Artificial intelligence, machine learning, Internet of Things tools and cloud migration are driving digital transformation for utilities, with support from partners such as AWS.

In recent years, utilities have increasingly looked to automation and Internet of Things devices to drive innovation, deliver reliable service and provide a competitive edge. But the industry now must contend with heightened security concerns and the additional demands of transitioning to sustainable forms of energy.

Howard Gefen, general manager of the energy and utilities industry business unit at Amazon Web Services, spoke Nov. 28 in a leadership session at AWS re:Invent. “The energy industry is going through massive transformation, and the energy transition is really the challenge of our generation,” he said.

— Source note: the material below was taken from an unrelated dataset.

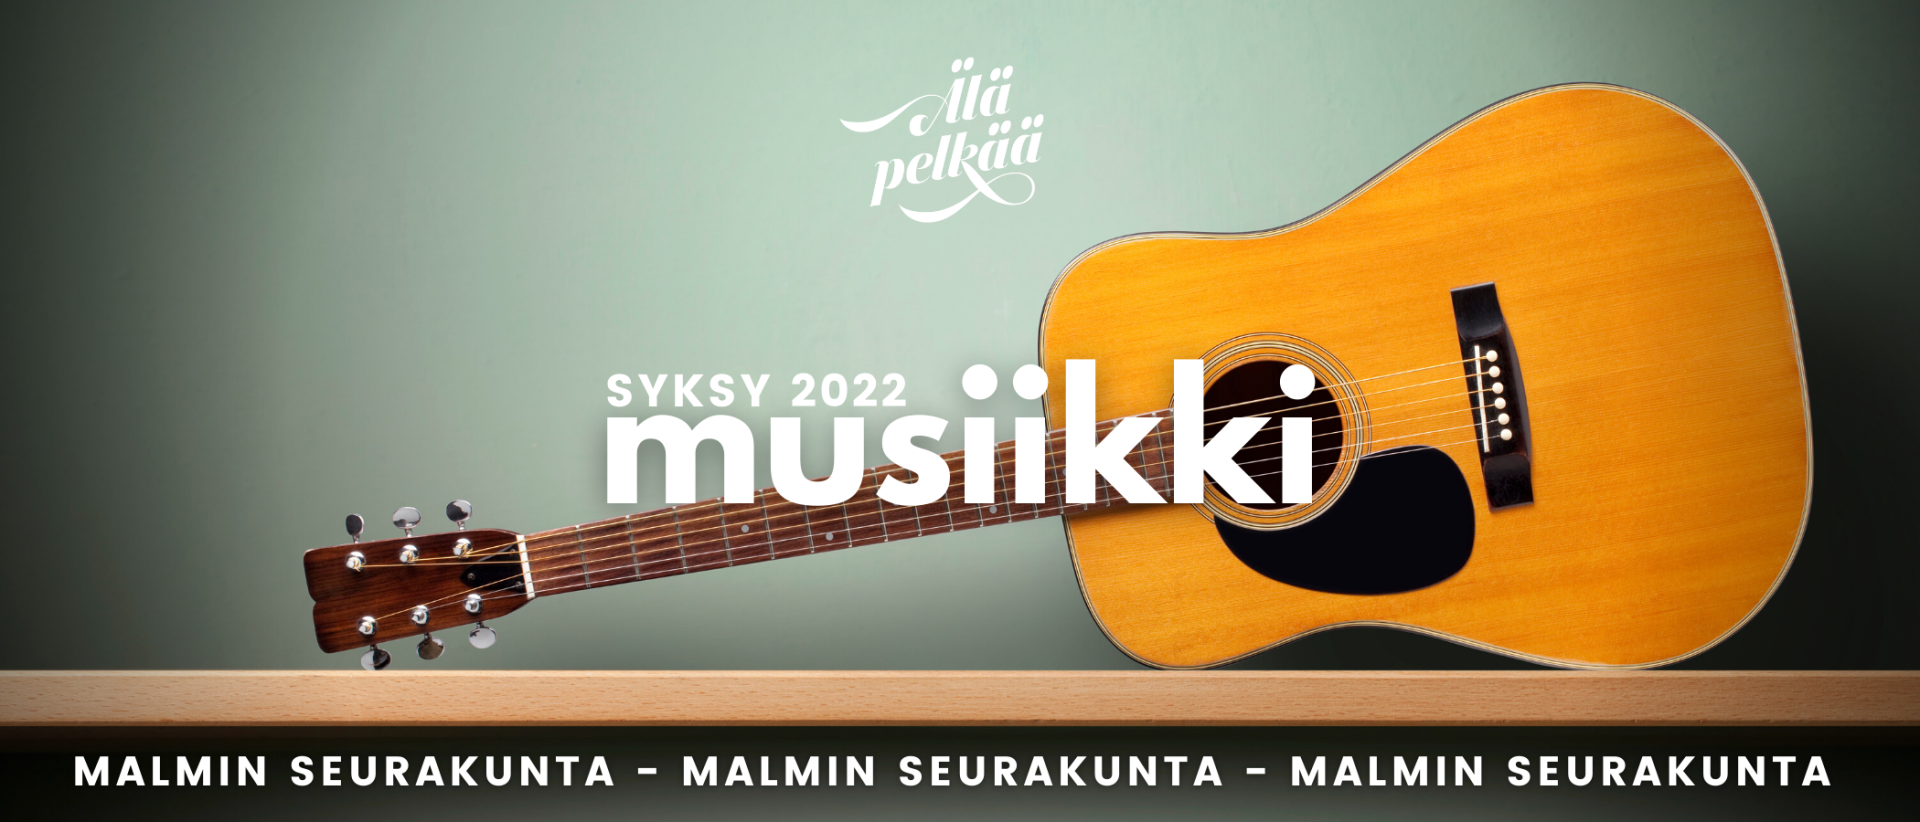 Kitaran kuva ja teksti Malmin seurakunta musiikki syksy 2022
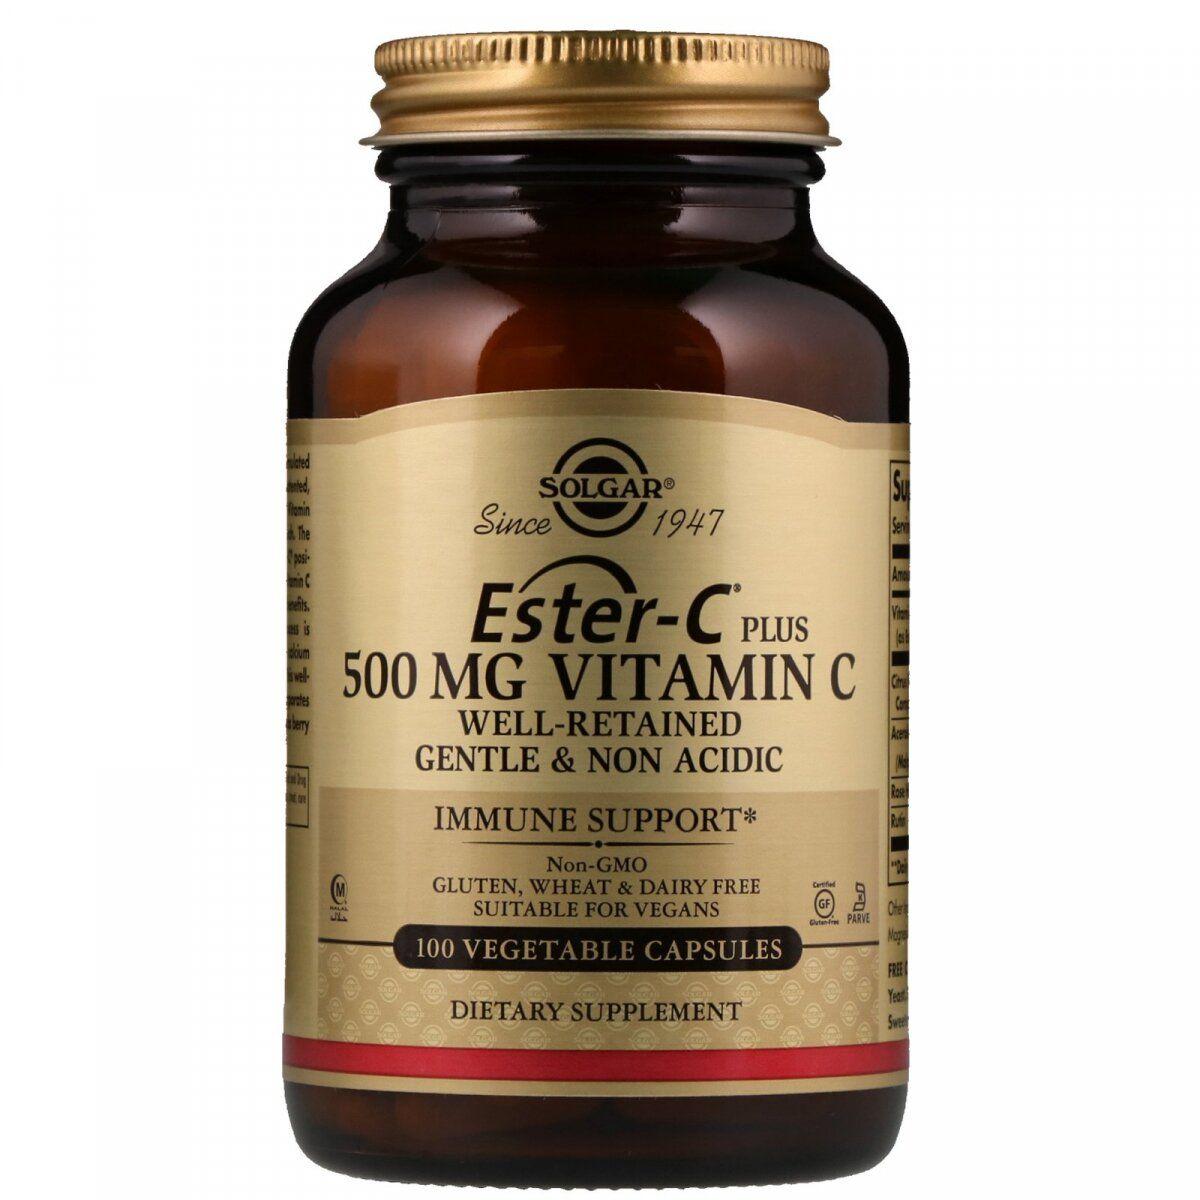 Solgar Ester-C Plus Vitamin C 500 mg 100 VCaps,  мл, Solgar. Витамины и минералы. Поддержание здоровья Укрепление иммунитета

Gefen said a steadily increasing demand for energy, coupled with regulatory requirements mandating the use of renewable energy sources, will require a reimagining of the current energy business. “The design of the energy system of the future will enable organizations to organize their businesses and accelerate innovation,” he said, which he predicted will be enabled by data-driven solutions based on analytics, high-performance computing, and the use of IoT tools and edge computing, all along with connected autonomous machines.

“The energy system of the future and its associated solutions will enable organizations across the value chain to achieve increased production, lower their operating costs, achieve greater speed and innovation, and produce more energy with fewer emissions,” Gefen said.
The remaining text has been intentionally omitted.